In a preferred example, the layered porous material is GeFSIX-dps-Zn, that is, the metal ion M is Zn ²⁺ , the inorganic anion A is GeF ₆ ^2- , and the organic ligand L is 4,4-dipyridine sulfide. Ether (dps). The materials under 1bar, 298K conditions propynyl, propene adsorption capacity were 3.48mmol g ^-1, 0.12mmol g ^-1.

In another preferred example, the layered porous material is GeFSIX-dps-Cu, that is, the metal cation is Cu ²⁺ , the inorganic anion is GeF ₆ ^2- , and the organic ligand is 4,4-dipyridine sulfide. The materials under 1bar, 298K conditions propynyl, propene adsorption capacity were 3.73mmol g ^-1, 0.08mmol g ^-1.

The adsorption capacity of the above two preferred materials for propylene is less than 0.1 propylene molecules/unit cell, and it can be considered that the complete exclusion of propylene is achieved.

The present invention also provides a method for adsorbing and separating propyne and propylene. The layered porous material is used as an adsorbent, and the adsorbent is in contact with a mixed gas containing propyne and propylene to selectively adsorb propyne to achieve propylene and propylene. Separation of alkynes.

When the mixed gas containing propylene and propyne is in contact with the layered porous material, the adsorbent selectively adsorbs propyne molecules and excludes propylene molecules due to the difference in propylene/propyne molecular size and hydrogen bond acidity.

Preferably, in the mixed gas containing propyne and propylene, the volume ratio of propyne to propylene is 1:99 to 99:1.

The volume ratio of the propyne component and the propylene component in the mixed gas is 1:99 to 99:1 (such as 50:50, 10:90, etc.), and the mixed gas may also contain hydrogen, nitrogen, oxygen, and carbon oxides ( Impurity components such as carbon monoxide, carbon dioxide, etc.), moisture and other low-carbon hydrocarbons (such as methane, propane, etc.) do not affect the adsorption and separation performance of the layered porous material for propyne/propylene components.

By using the layered porous material, propylene with a purity (relative to the purity of propyne) greater than 99.99% can be separated from a mixed gas containing propyne and propylene.

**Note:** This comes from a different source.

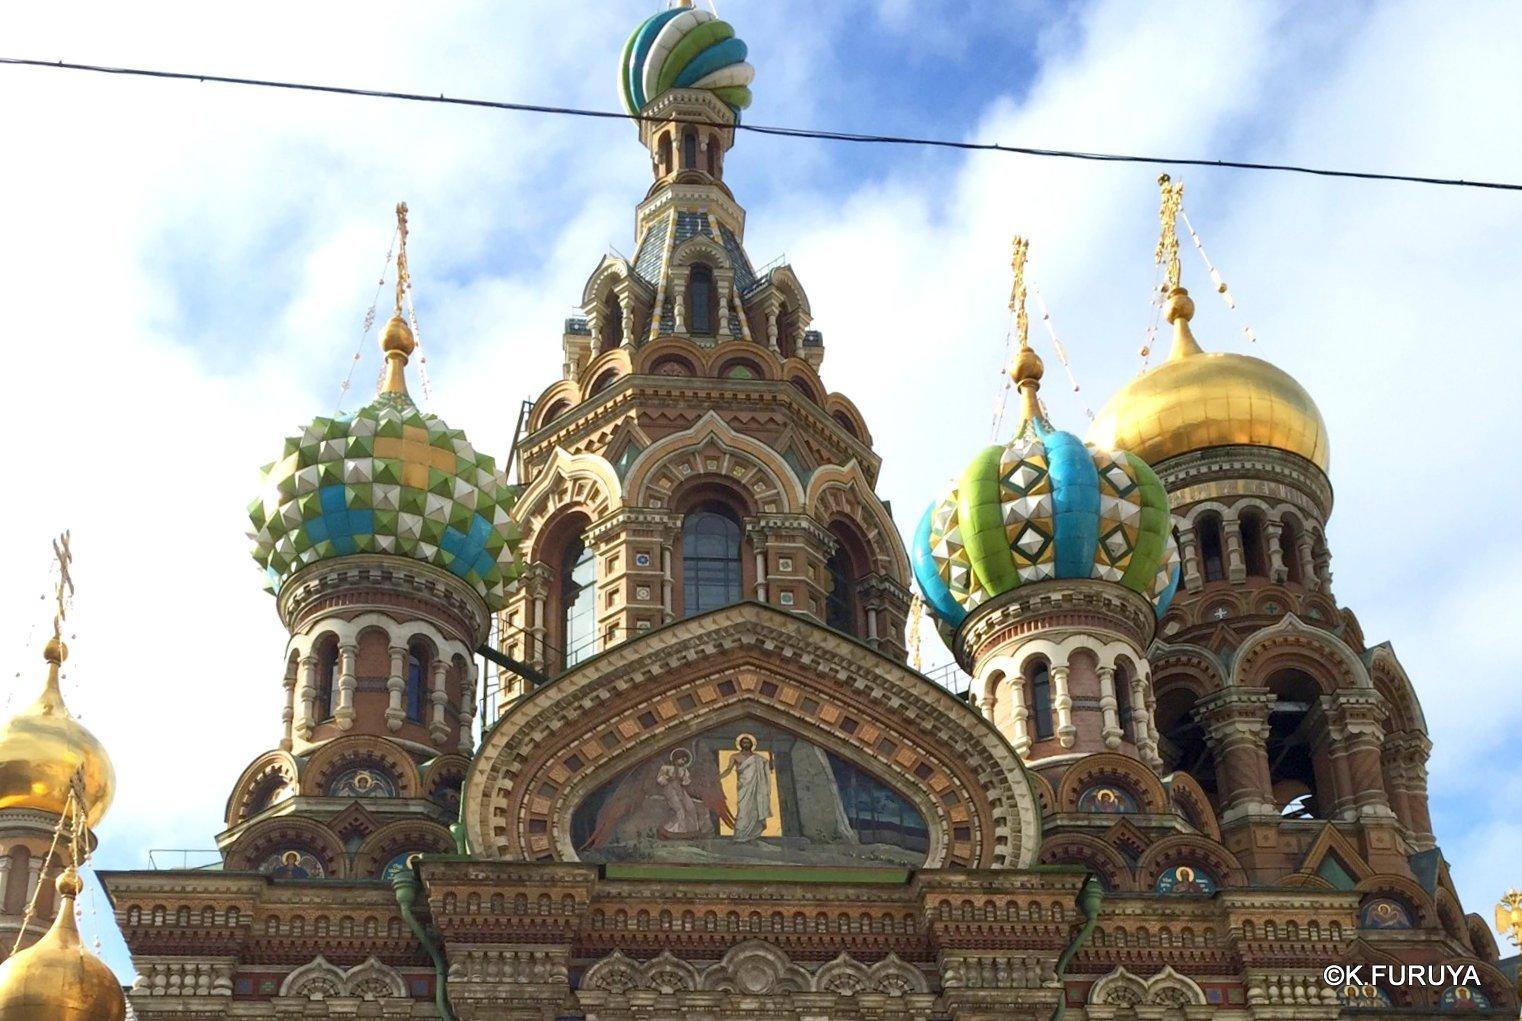 ロシアの旅 6 血の上の救世主教会_a0092659_22254937.jpg

Preferably, in the method for adsorbing and separating propargyl propylene, the adsorption temperature is -20 to 60° C., and the adsorption pressure is 0.5 to 10 bar. Lowering the adsorption temperature is beneficial to increase the propyne adsorption capacity, and increasing the adsorption temperature is conducive to narrowing the temperature difference between the desorption process, reducing the energy consumption required for the separation process, and increasing the diffusion rate of propyne in the pores. Therefore, considering the above two factors comprehensively, it is more preferable that the adsorption temperature is 0 to 35°C.

The adsorption pressure is further preferably 1 to 5 bar.

In the method for adsorbing and separating propyne and propylene, the adsorbent selectively adsorbs propyne and then desorbs to obtain propyne-rich gas;

The desorption temperature is preferably 25 to 120°C, more preferably 45 to 100°C;

The desorption pressure is preferably 0 to 0.1 bar.

The contact mode of the adsorbent and the mixed gas containing propyne and propylene can be at least one of fixed bed adsorption, fluidized bed adsorption, and moving bed adsorption.

Preferably, the contact mode between the adsorbent and the mixed gas containing propyne and propylene is fixed bed adsorption, which specifically includes the steps: under a set adsorption temperature and pressure, the mixed gas containing propyne and propylene is passed through Into the fixed-bed adsorption column filled with the adsorbent, the propylene component preferentially penetrates the bed, and the propylene gas with a propyne content of less than 0.01 vol% is directly obtained from the outlet of the adsorption column, and the propyne component is enriched in the bed. Propyne-rich gas is obtained by desorption.

The propylene component has a weak interaction with the layered porous material, has a small amount of adsorption, and preferentially penetrates the fixed bed, and can directly obtain propylene gas containing very low content of propyne (less than 0.01 vol%).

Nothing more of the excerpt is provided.